Well, you see, I have a lot of personal projects. Currently, I manage over 20 different applications which are exposed to the web. One of these is this blog that you're reading right now. Another one is the sister project to this blog, til.dchan.cc which is a collection of much shorter "Today I learned" style posts. I run several services which backend data collection for my PhD. I run a system which automates checking each of the 15 servers that I manage for the lab at UC Berkeley for SSH accessibility (and makes that available in real-time on statuspage.io). I run DDNS servers with healthchecks.io (That's a whole different blog post). I run a web service that updates me every day with the latest papers published in my field. And so so so many more things.

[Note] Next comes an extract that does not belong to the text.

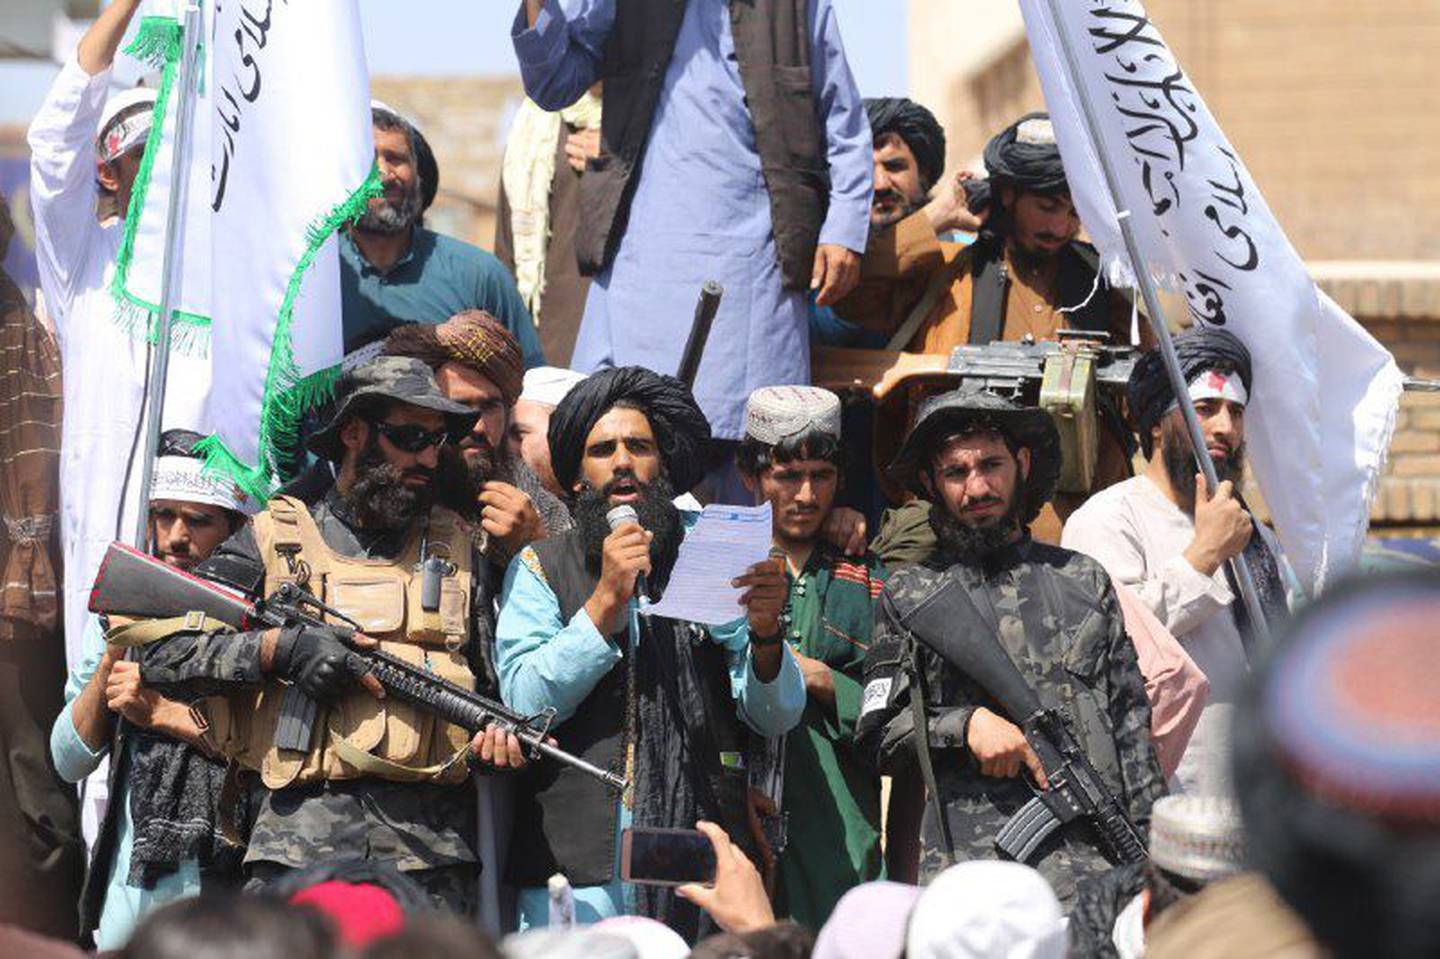 Los miembros del Talibán reunidos frente a la gobernación de Herat después de la finalización de la retirada de Estados Unidos de Afganistán.

At a certain point, running each of these apps in a loose collection of VPS instances from sketchy VPS providers became dangerous, expensive, and it became super easy to forget that something was running (or where something was running), or even perhaps how much something was costing me to run. So I decided to move from this loose collection to a tight ship of dockerized containers.
Towards Kubernetes Everywhere
So, now that I've made this decision, what exactly did it take? What exactly was the price I paid...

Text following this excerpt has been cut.